My first reaction to this is the stupidity of continuing to use a model that dramatically overshot recent temperatures, even though the model assumed greenhouse gas emissions that were lower than reality. In other words, because greenhouse gas emissions rates were even higher than projected, the inability of the model to produce recent temperatures is even more of a failure than would appear at first blush. To then simply run that same model again under the enhanced emissions growth rate, and expand the error bars in both directions so as to include the recent temperature is like betting pregame for a football team that is favored by 5 points, and doubling down at halftime when your pick is actually losing to the underdog by 14 points.

Vangel
October 26, 2009 4:56 pm


Are the rest of you guys reading the same article that I am? After the first 15 comments, I gave up reading because I couldn’t understand the basis of the criticism.

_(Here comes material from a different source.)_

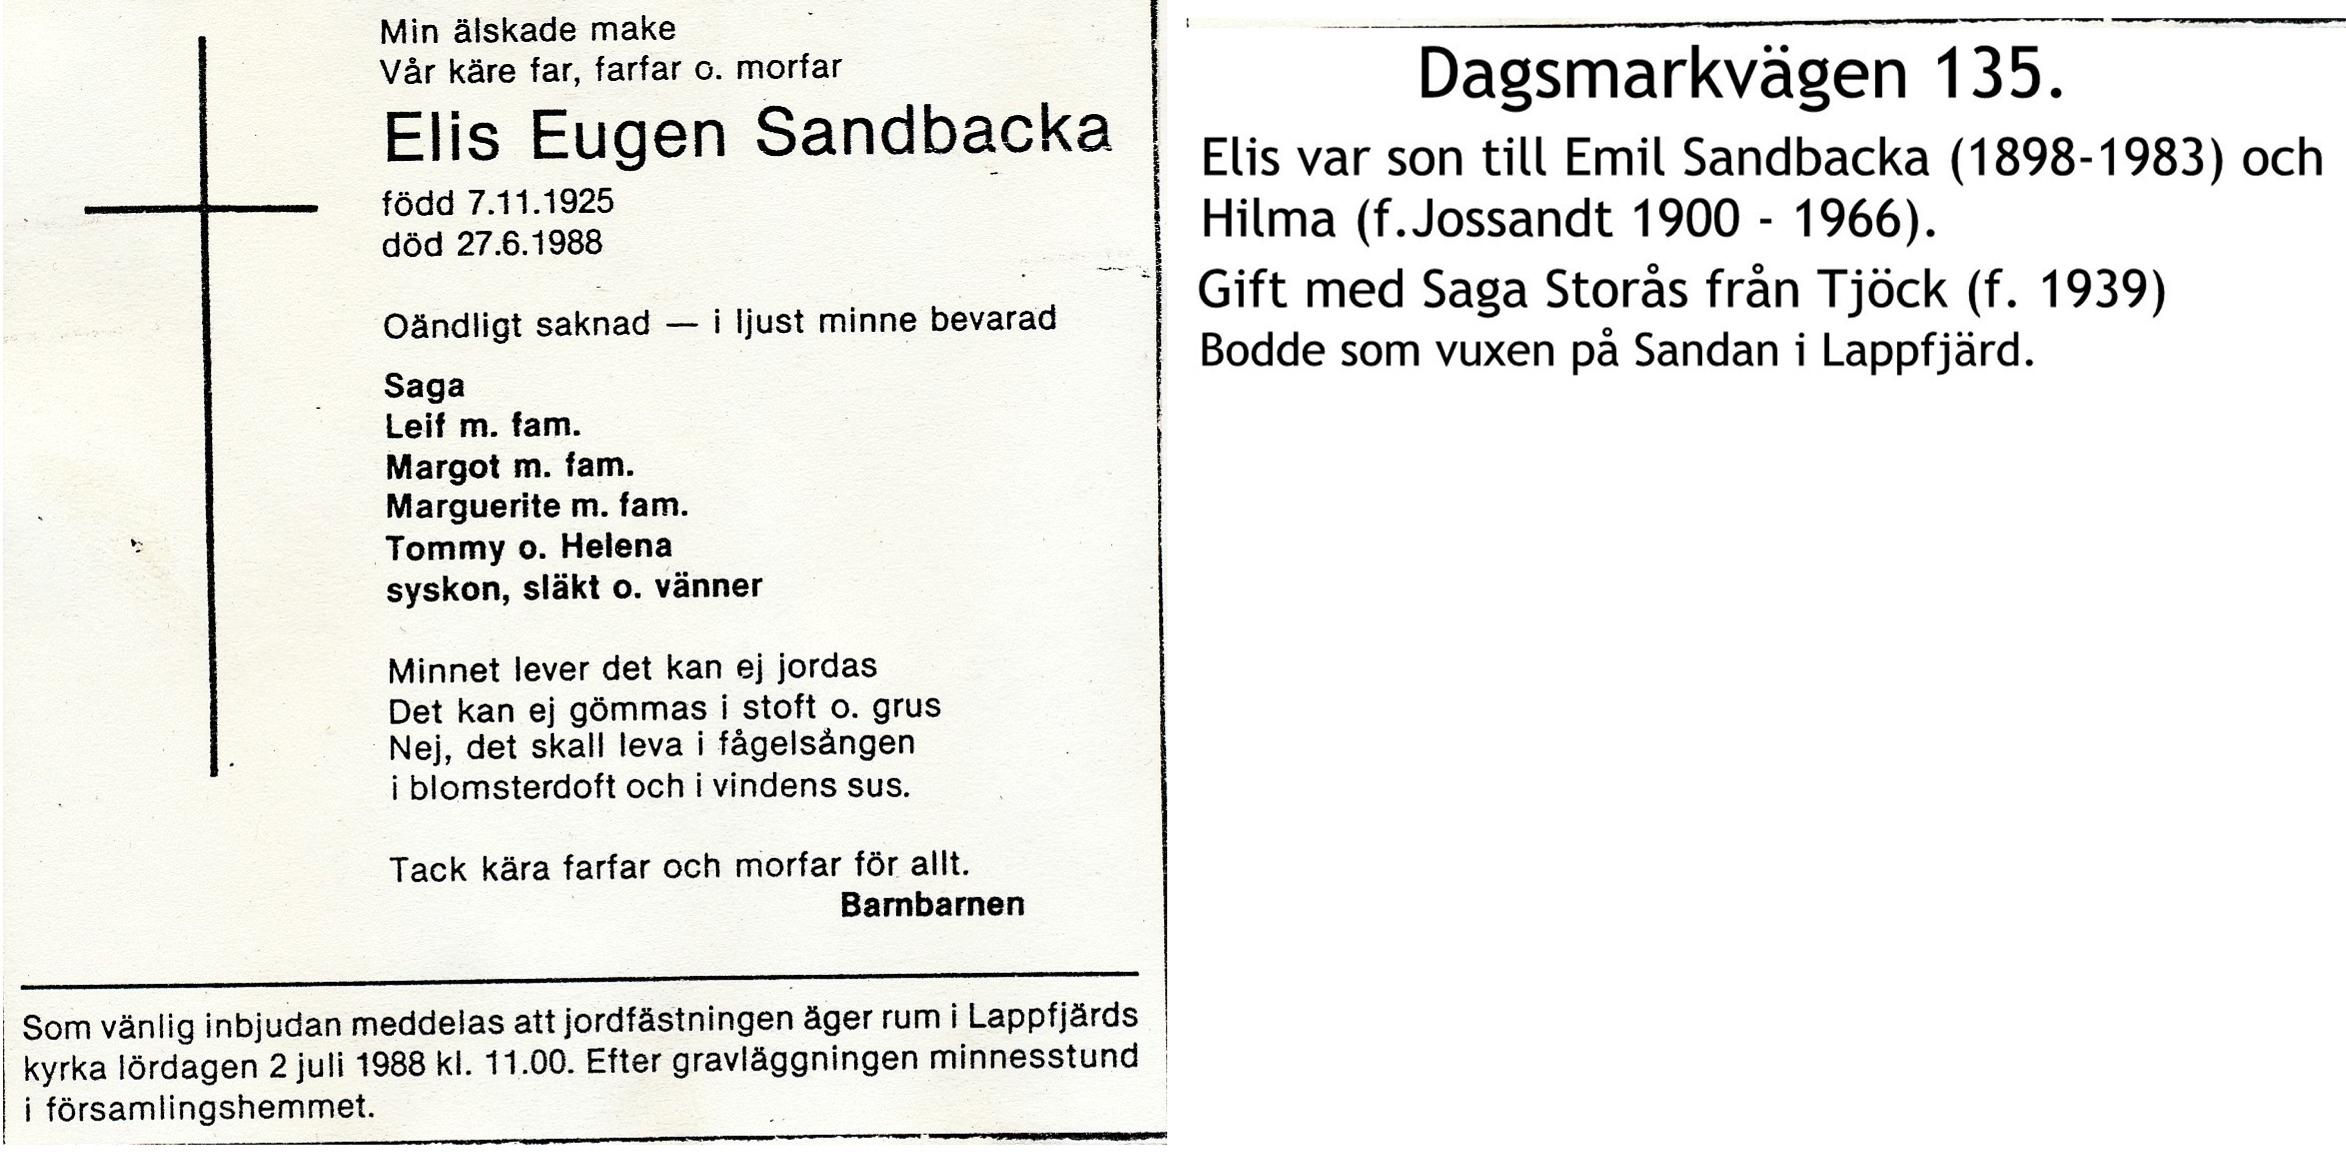 Sandbacka Elis
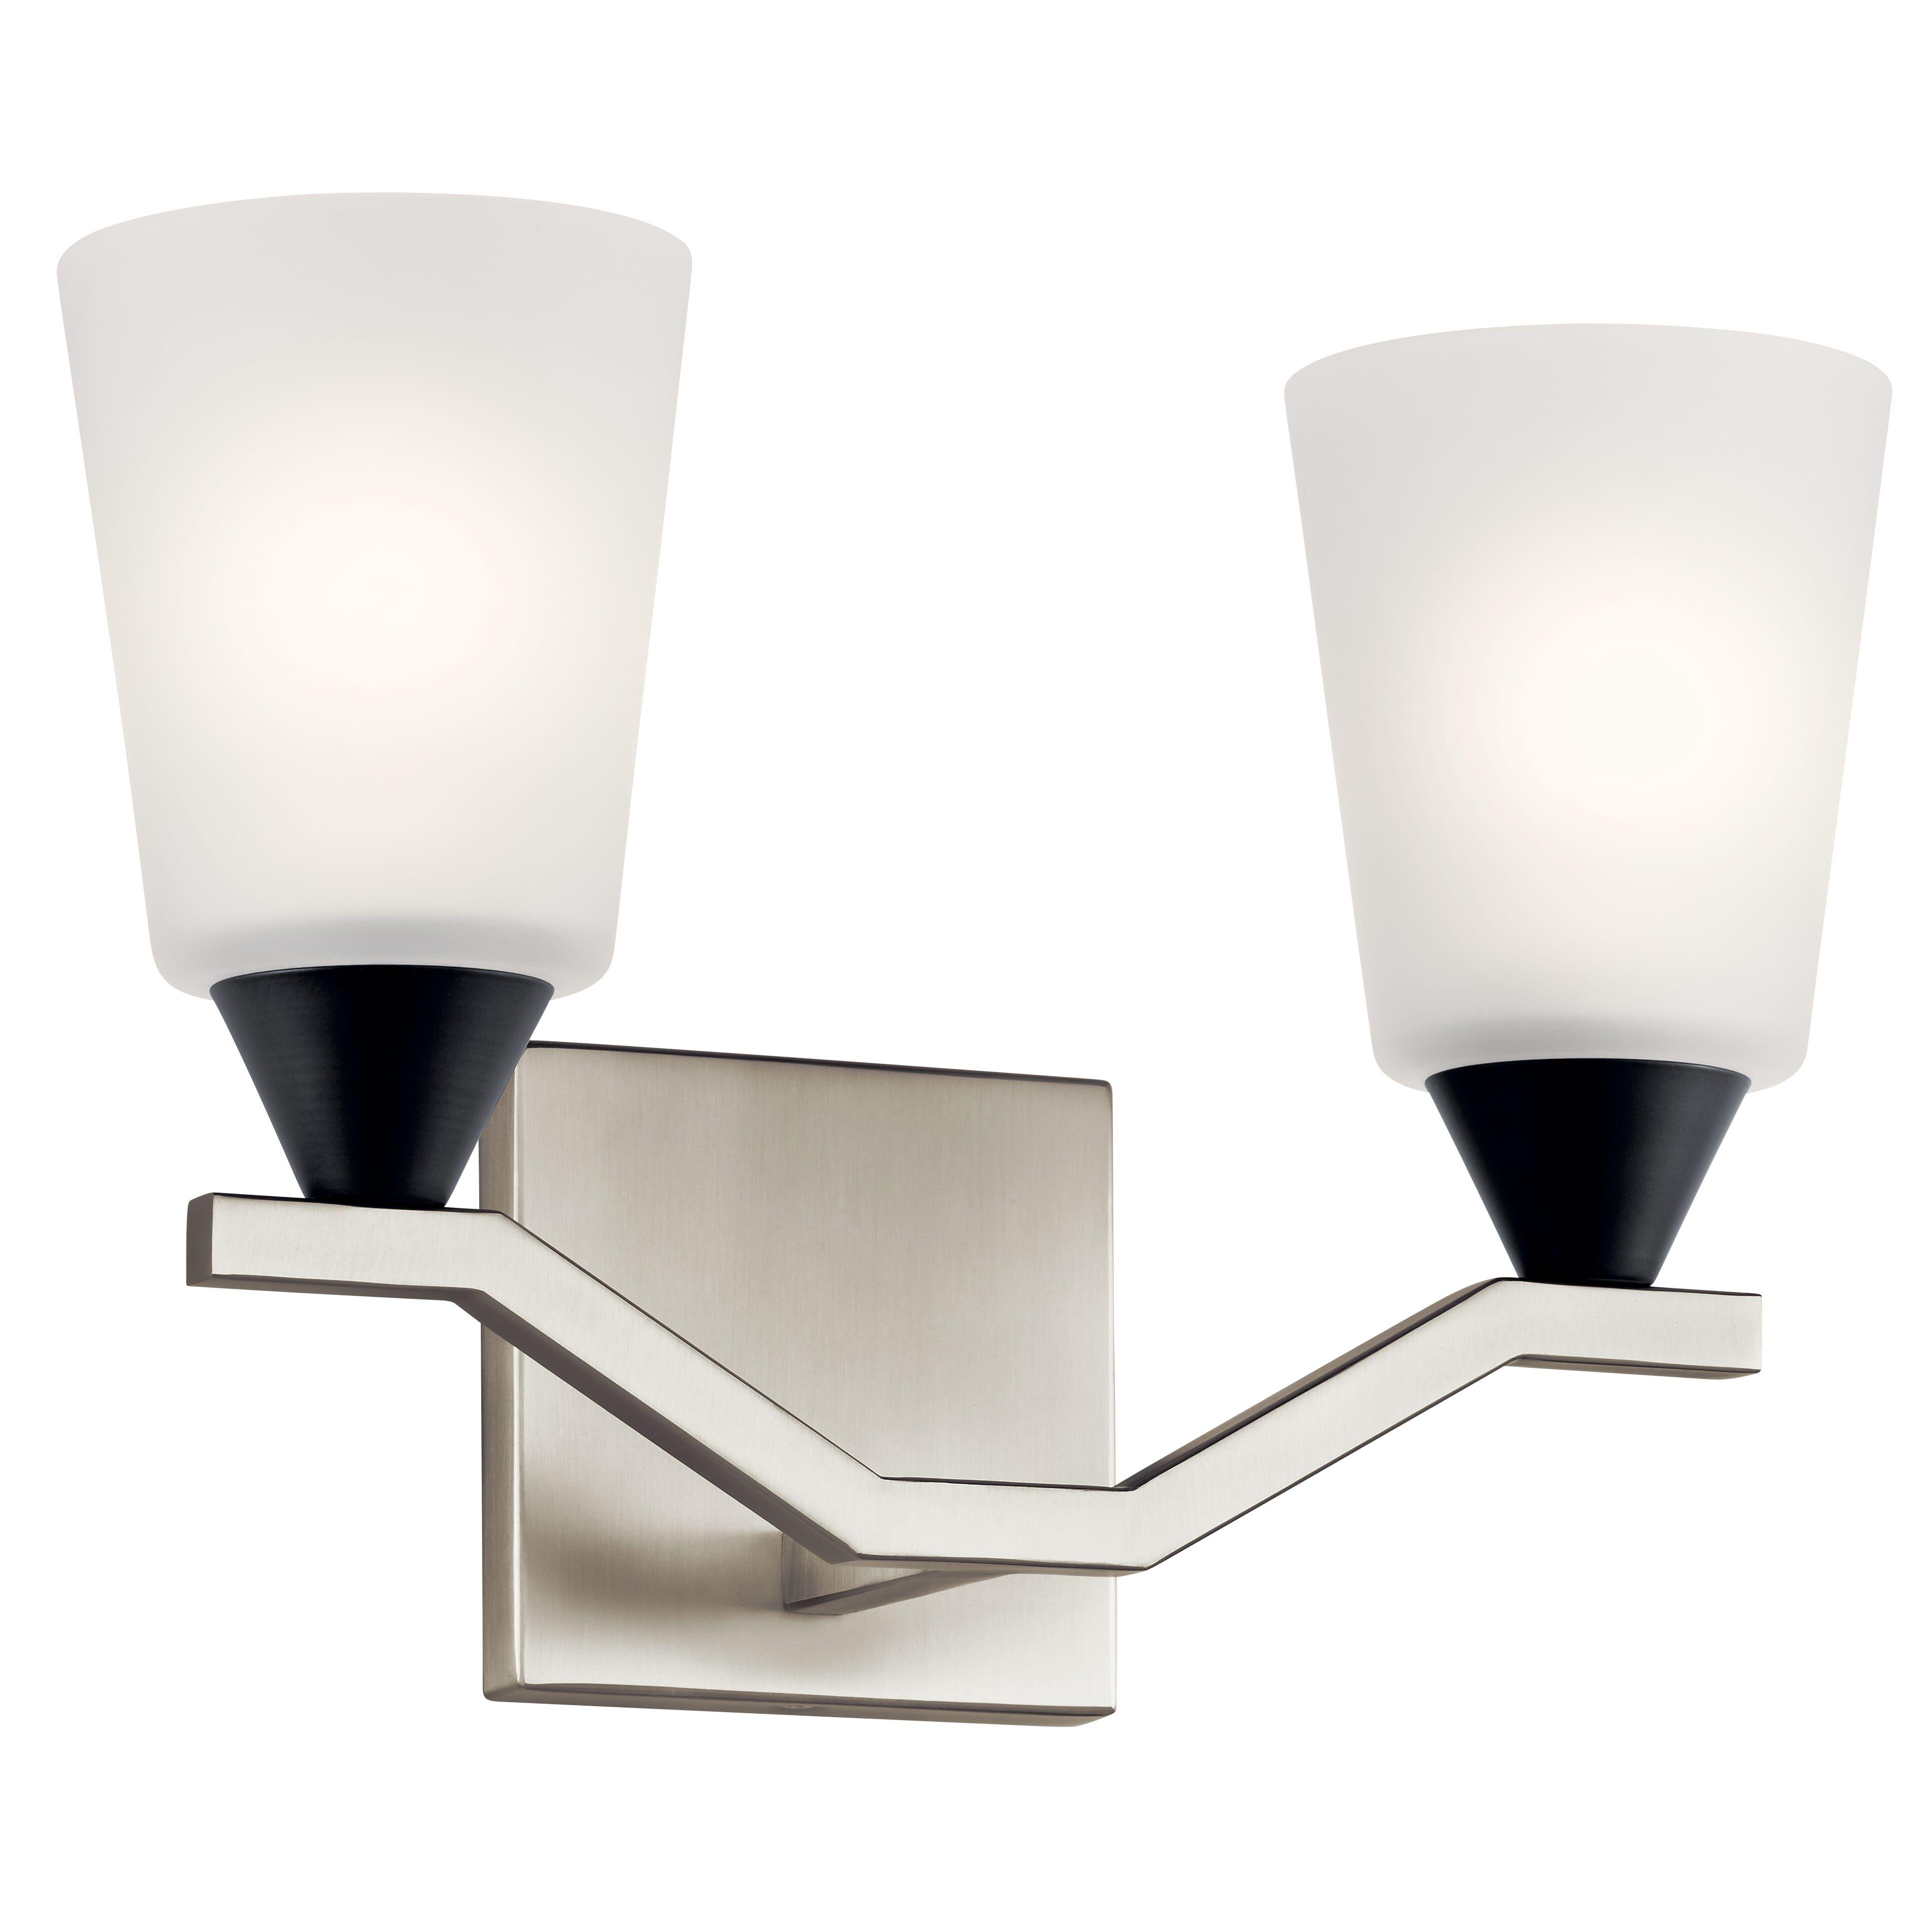 "Photo of Kichler Skagos 2-Light 14 ""wash basin lamp made of brushed nickel"

The modelers put error bars on their models based on 2000-2007 daya and came up with very high error. This is the correct answer.
Of course, the “error bars suggest higher heat waves” is nonsensical. All it suggests is higher uncertainty. It appears to be an addition by the PhysOrg author (showing ignorance of how error works). However, aside from that line, it was a decent article.
Why so virulent, guys?

Because it is nonsense masquerading as science written by empty suits who know far less than they think they do. And even as their analysis shows that the models are useless they still play their game of deceit. Had the authors been clear about the much greater uncertainty and stopped there the article would have been fine. Instead they made it look as if the uncertainty lent support for some of the more extreme heat scenarios.